New pictures of her all shed out! Sometimes she looks nearly like a smutty buckskin, and other times she looks like a dark golden brown. She is also roaning out.


----------



## NdAppy (Apr 8, 2009)

Looks like a brown to me.


----------



## Poseidon (Oct 1, 2010)

I think brown too. She's very pretty.


----------



## atreyu917 (May 22, 2011)

I vote she'll end up bay too, but you never know! She's a cute one though. Parents are beautiful


----------



## atreyu917 (May 22, 2011)

Just saw the new pictures. She's stunning!


----------



## HollyJane (Feb 11, 2011)

She is definitely a dark cherry bay color at four months! Interestingly enough, she is also roaning out. See the roan spot on her leg? Several months since these pictures were taken, her whole body is roaning out. Thanks to everyone who shared their thoughts!


----------



## Country Woman (Dec 14, 2011)

very cute foal love the colors

very lovely


----------



## missnashvilletime (Dec 20, 2011)

She has a roan gene! COOL, she'll be a red roan paint then  very nice. Cute little one


----------



## Chiilaa (Aug 12, 2010)

missnashvilletime said:


> She has a roan gene! COOL, she'll be a red roan paint then  very nice. Cute little one


No, it's something else going on with this horse.
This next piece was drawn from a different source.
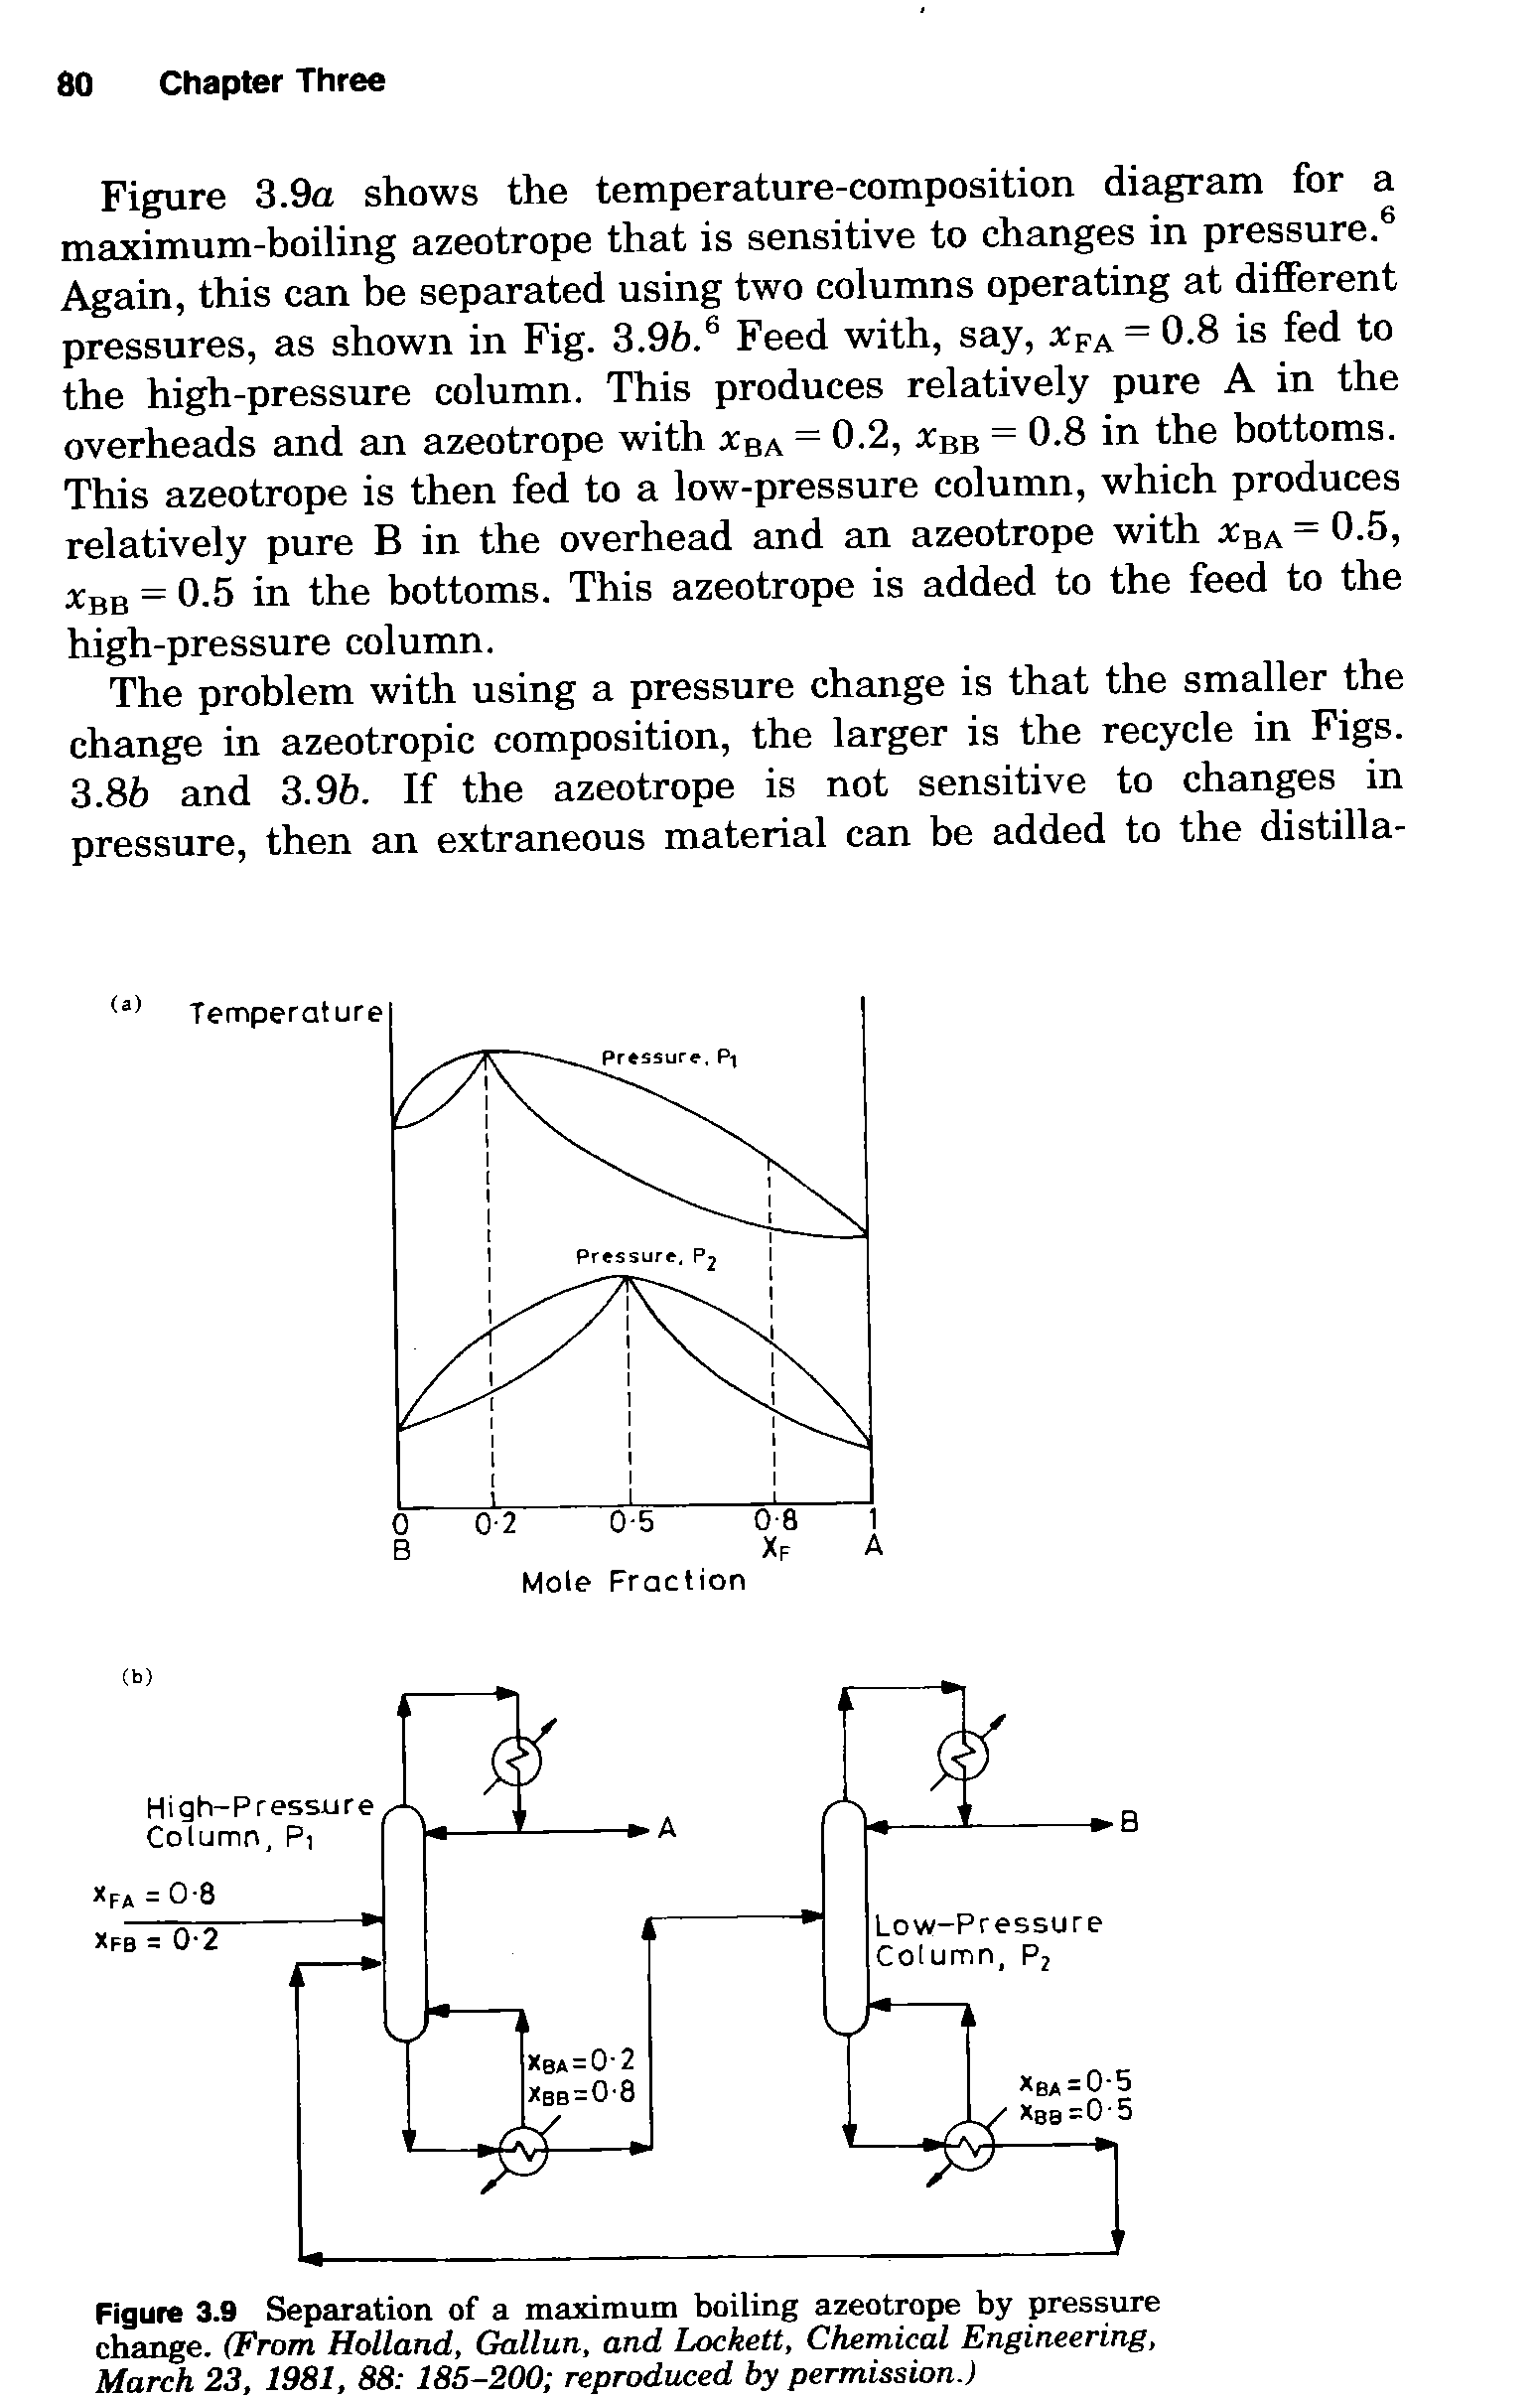 Figure 3.9a shows the temperature-composition diagram for a maximum-boiling azeotrope that is sensitive to changes in pressure. Again, this can be separated using two columns operating at different pressures, as shown in Fig. 3.96. Feed with, say, rpA = 0.8 is fed to the high-pressure column. This produces relatively pure A in the overheads and an azeotrope with xba = 0.2, Xbb = 0.8 in the bottoms. This azeotrope is then fed to a low-pressure column, which produces relatively pure B in the overhead and an azeotrope with 3 ba = 0.5, BB = 0.5 in the bottoms. This azeotrope is added to the feed to the high-pressure column.

Neither parent is roan, so the baby can't be roan either.


----------



## missnashvilletime (Dec 20, 2011)

^agreed, lol I forgot she posted the parents colors


----------



## Alaskadraft (May 28, 2009)

Won't know till it sheds out...Our Black and white was born file cabinet beige and shed out to brown at 15 weeks and by 5 months she was black...Looks to me she is turning black...Especially With mom black and dad with most likely one dilute gene.


----------



## kywalkers2012 (Oct 25, 2011)

She's a dark mohagony bay tobiano with something else going on.


----------



## HorseLovinLady (Jul 18, 2011)

I'm gonna say bay too. She sure is cute!


----------



## stylemichelle21 (Nov 9, 2011)

Only time will tell! I'll put my money on black due to heredity


----------



## Tapperjockey (Jan 2, 2012)

Bay looks like with Rabicano perhaps?


----------



## Nuala (Jan 2, 2012)

looks like a homozygous Dark Buckskin. He might go either way after first molt. Blacks and Buckskin/Duns often cross the line, either a (as suggested) smokey black or a dark buckskin. After the first molt if you see dappling then the color would be, in my opinion, a dark buckskin.


----------